Конечно, помню я стук ножей и крик: «Рыбы, рыбы!» Сколько уже лет прошло, а этот крик до сих пор ясно звучит у меня в ушах. Очень ясно вспоминаю я первую беседу свою с капитаном и помполитом. Как-то, — кажется, на третий или четвертый день после начала лова, — я почувствовал себя окончательно выбившимся из сил. Рыбы было особенно много, вахта казалась мне необычайно длинной, и, как я ни напрягался, я не мог поспеть за шкерщиками, работавшими сегодня, как мне казалось, особенно быстро. И вот наступил момент, когда шкерщики напрасно стучали ножами о рыбодел. Я стоял неподвижно, опершись о пику, и чувствовал, что если даже весь океан ринется на меня, я не смогу подать ни одной рыбы. Я даже не думал о том, что сделать. Сказаться больным? Объяснить, что больше я не могу? Броситься от позора за борт? Я просто стоял и чувствовал, что не могу двинуться. И вот в эту тяжелую для меня минуту меня окликнули: «Слюсарев!» Я поднял голову. Кричал капитан, высунувшись в окно рубки. «Идите, станьте на руль».
Почувствовав, что подавать рыбу больше не надо, я снова обрел силы. Бросив пику, я побежал.
— Сними рокон и буксы! — кричали мне.
Я их сбросил в сушилке и быстро взбежал по трапу. В рубке было чисто и тихо. Покачивался компас, на столе лежали исколотые циркулем карты. Рулевой передал мне штурвал, сказал: «Двести восемьдесят» — и ушел. Я остался стоять с довольно растерянным видом. Действительно, на компасе были какие-то цифры, но что нужно делать, я не знал. Студенцов шагал взад и вперед, курил трубку и посматривал на меня.
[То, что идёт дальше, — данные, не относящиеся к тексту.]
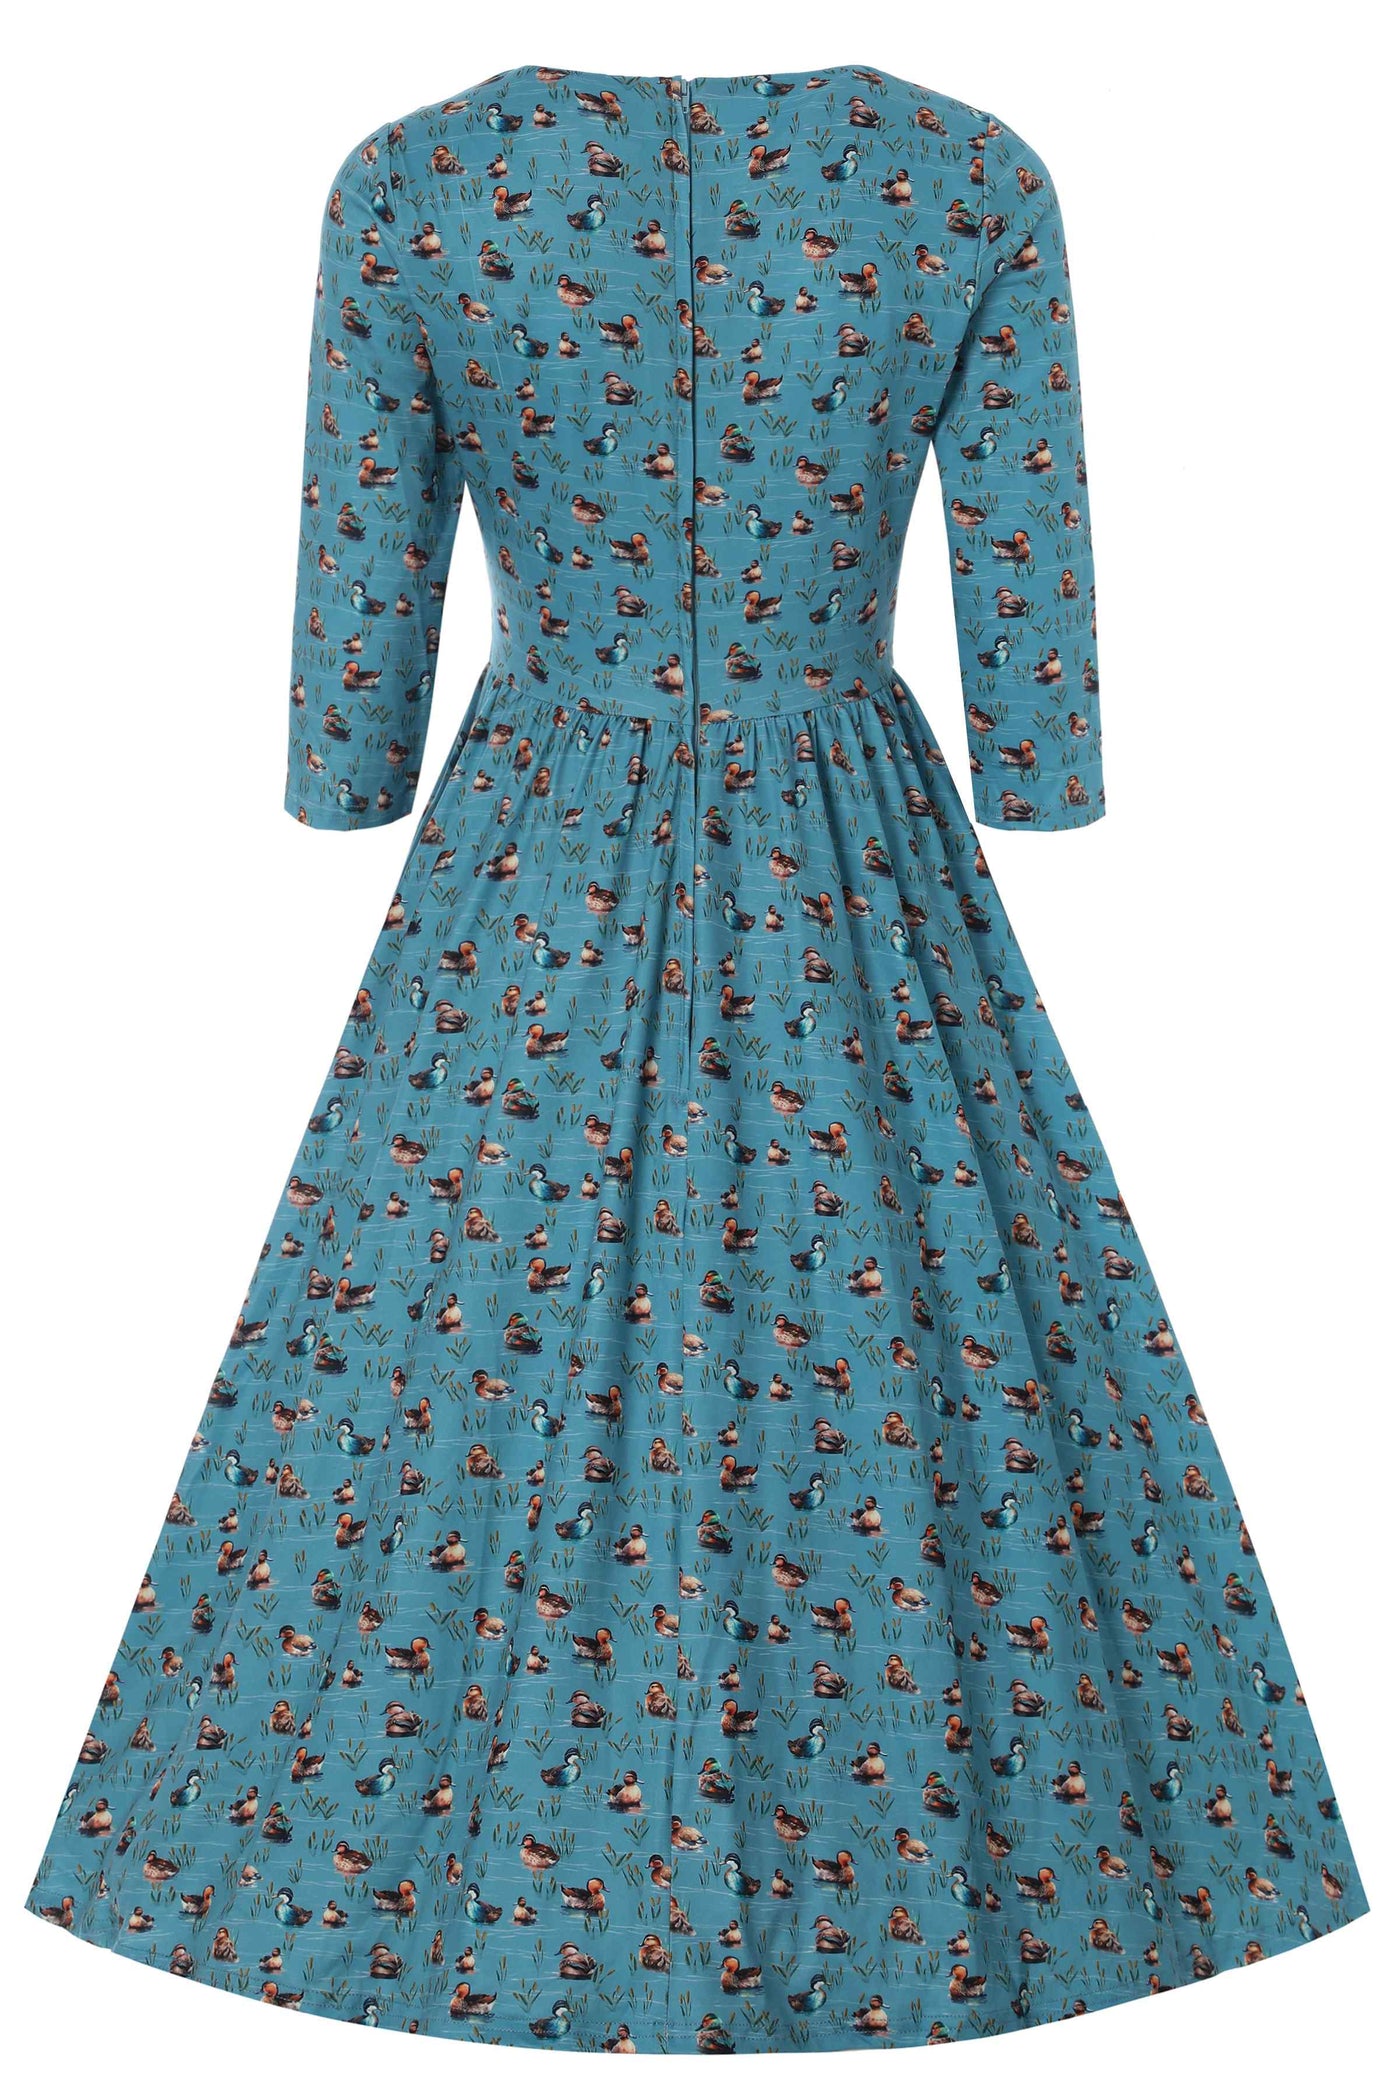 Back View of Duck Print Long Sleeved Swing Dress in Blue

Мне казалось, что в глазах у него усмешка.
— Если говорят: курс двести восемьдесят, — сказал он, когда я с горя резко крутанул колесо, — значит, вот эта черта должна находиться над названной цифрой. — Потом он взялся за колесо и минут пятнадцать показывал, как делать, чтобы судно не рыскало и шло точно по нужному направлению.
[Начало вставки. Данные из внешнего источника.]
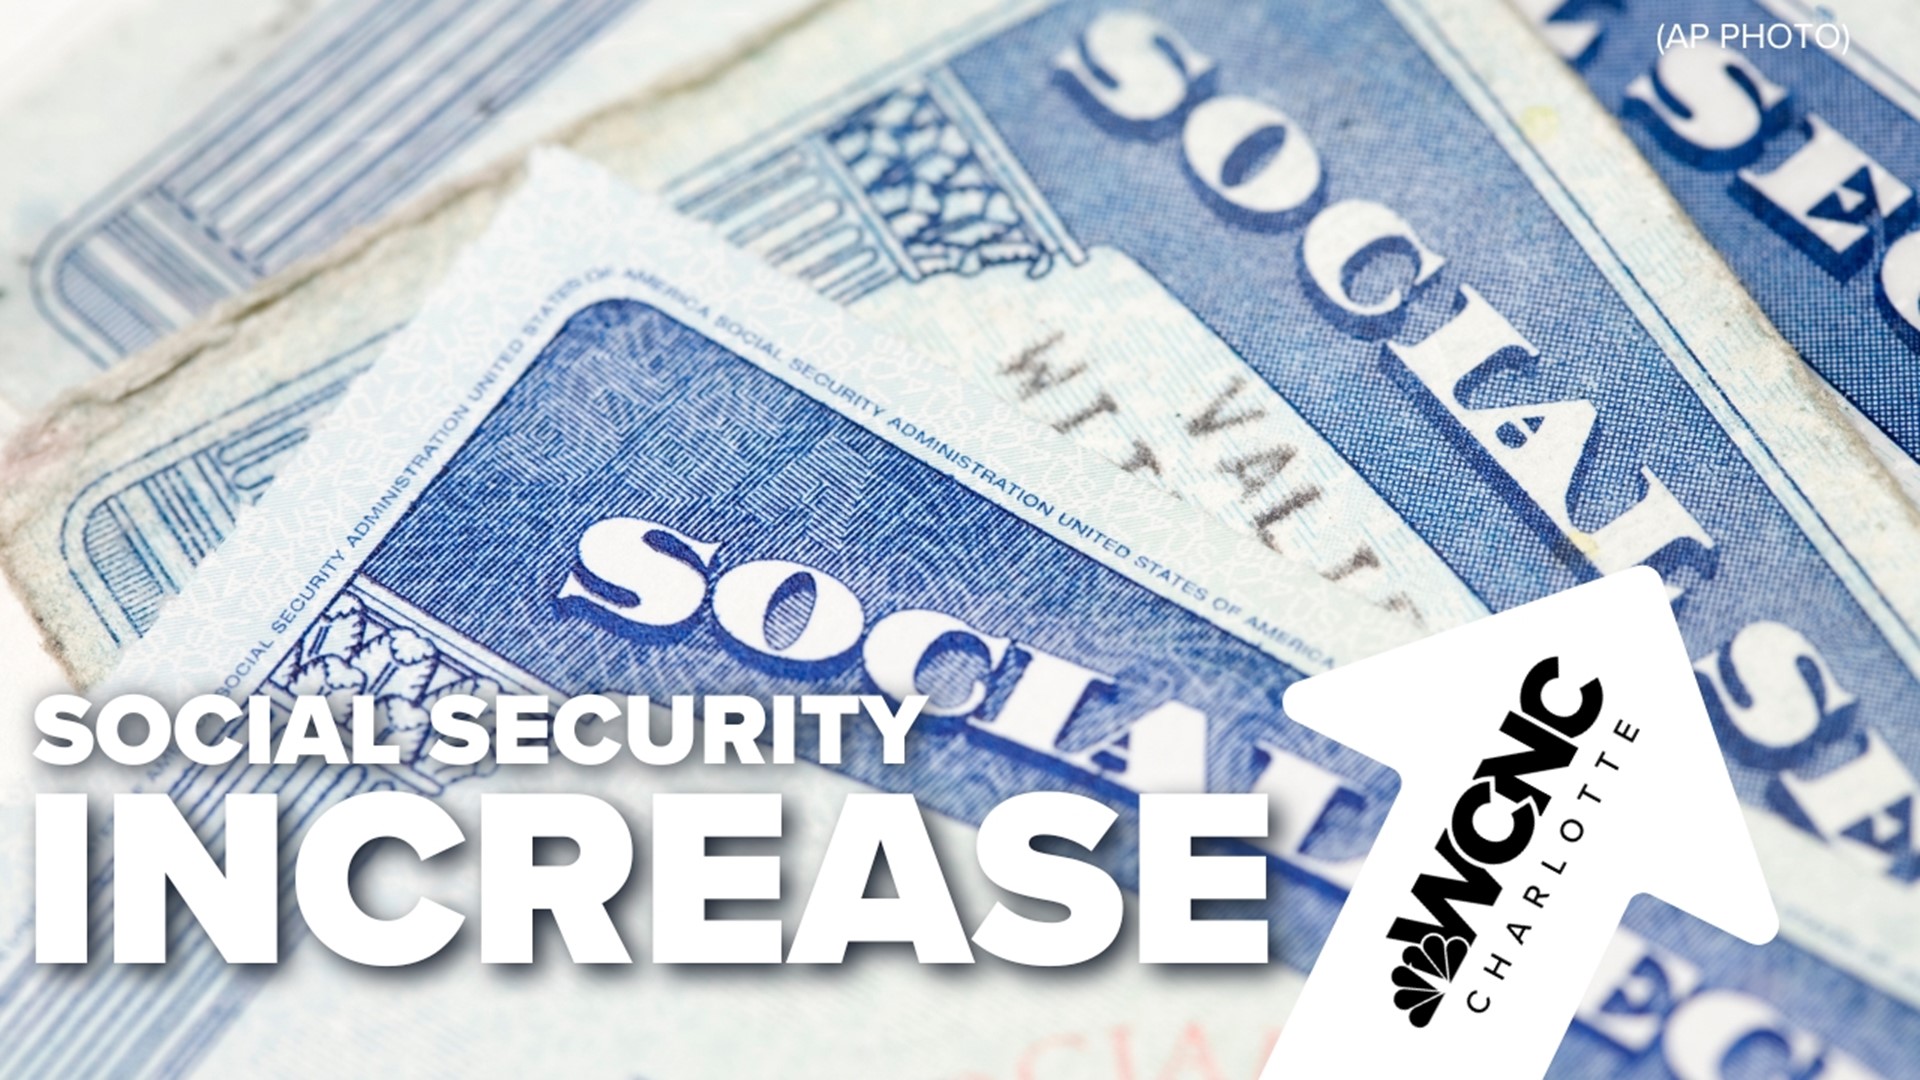 If you receive Social Security benefits, your payments will be bigger starting next year.

По совести говоря, стоять у штурвала показалось мне довольно легко. Скоро я уловил механику этого дела и вел тральщик без особенно заметных ошибок.
Сейчас, впервые за эти дни, я снова оглядывал океан. Он волновался, темный и хмурый, под ровным серым небом. Я с удивлением увидел, что волны вовсе не «ходят», как это говорится обычно. Мне казалось скорее, что беспорядочно в разных местах поднимаются водяные горы, как будто их тянут к тучам невидимые нити, и опускаются вниз, как будто нити рвутся одна за другой. Иногда поднимались они так высоко, что снежные шапки покрывали их сверху: это белая пена пенилась на вершинах, и к белой пене, к вершине водяной горы, став на дыбы, карабкался тральщик. Но рвалась нить, гора рушилась вниз, и волна хлестала на палубу, обливая матросов и рыбу, волоча рыбьи головы, крабов, звезды, большие круглые губки. И снова тральщик полз на волну, высоко поднимая нос.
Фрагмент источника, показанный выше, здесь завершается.